Task prompt: Output every line below exactly, please, omitting pictures.

### Input data ###

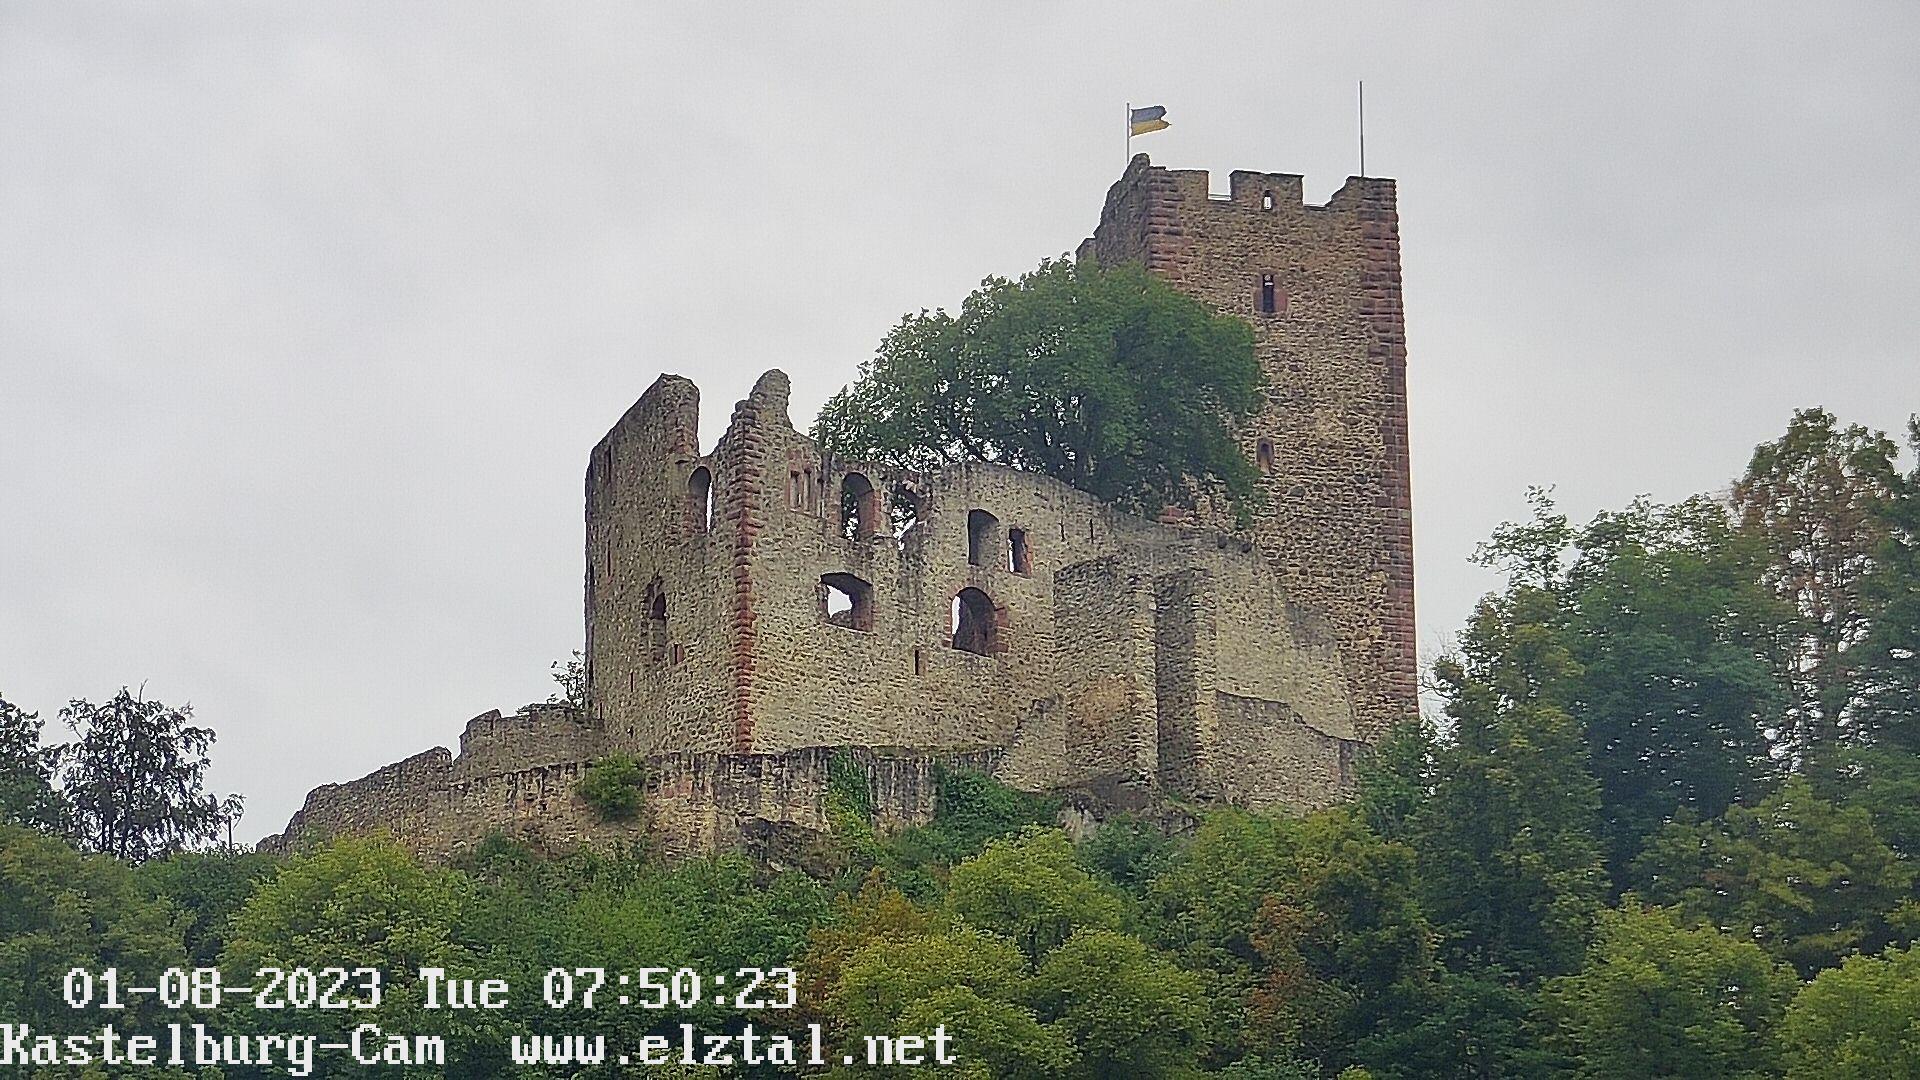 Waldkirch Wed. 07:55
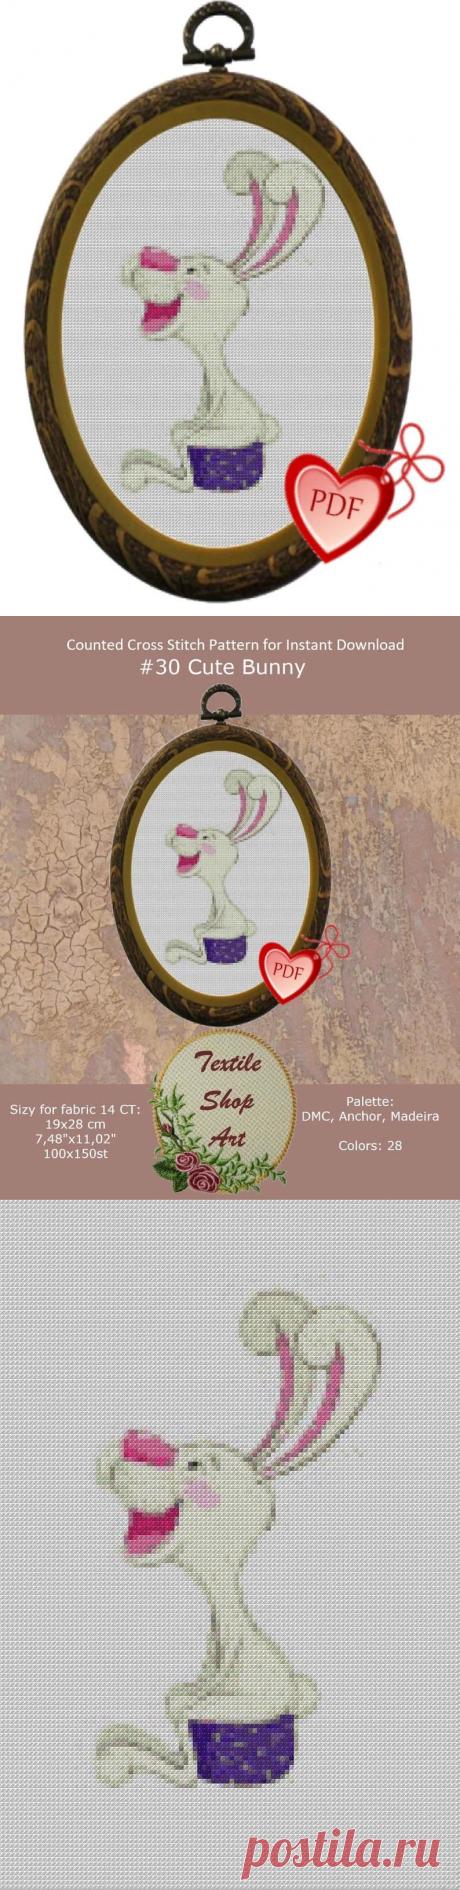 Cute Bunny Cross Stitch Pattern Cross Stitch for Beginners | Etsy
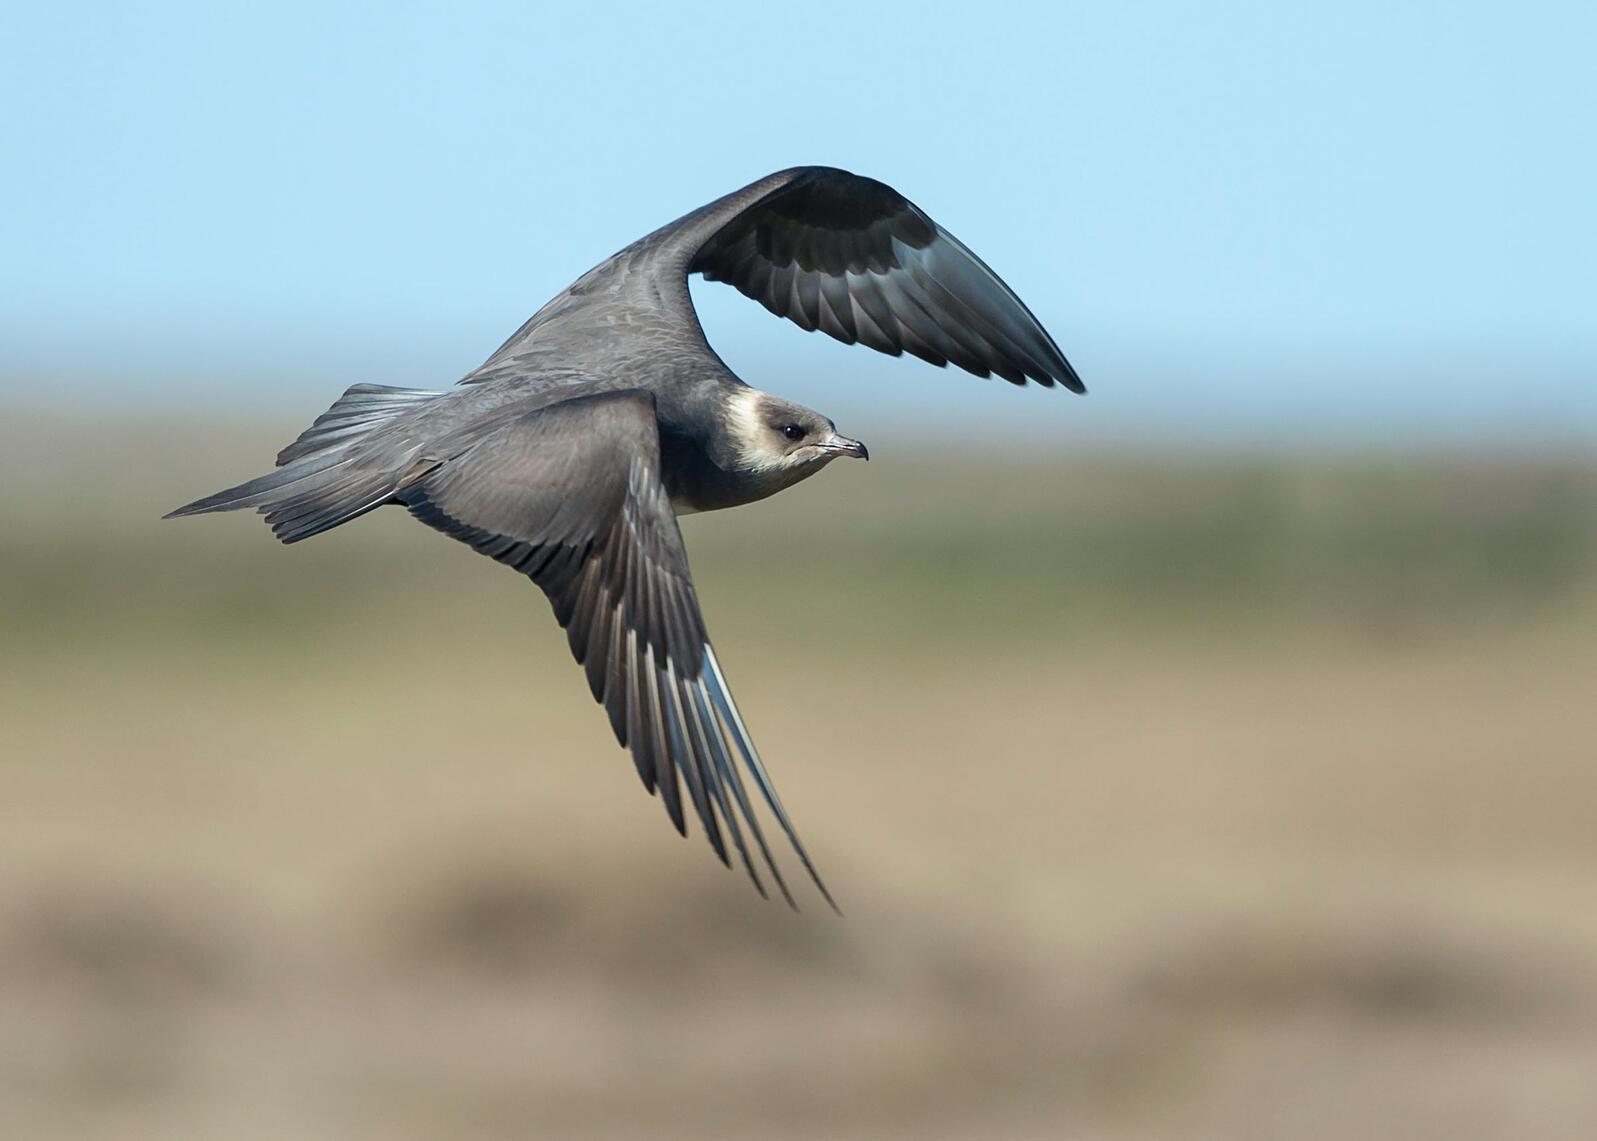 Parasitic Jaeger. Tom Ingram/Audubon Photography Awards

###

Solution for this exercise:
 Waldkirch Wed. 07:55
 Cute Bunny Cross Stitch Pattern Cross Stitch for Beginners | Etsy
 Parasitic Jaeger. Tom Ingram/Audubon Photography Awards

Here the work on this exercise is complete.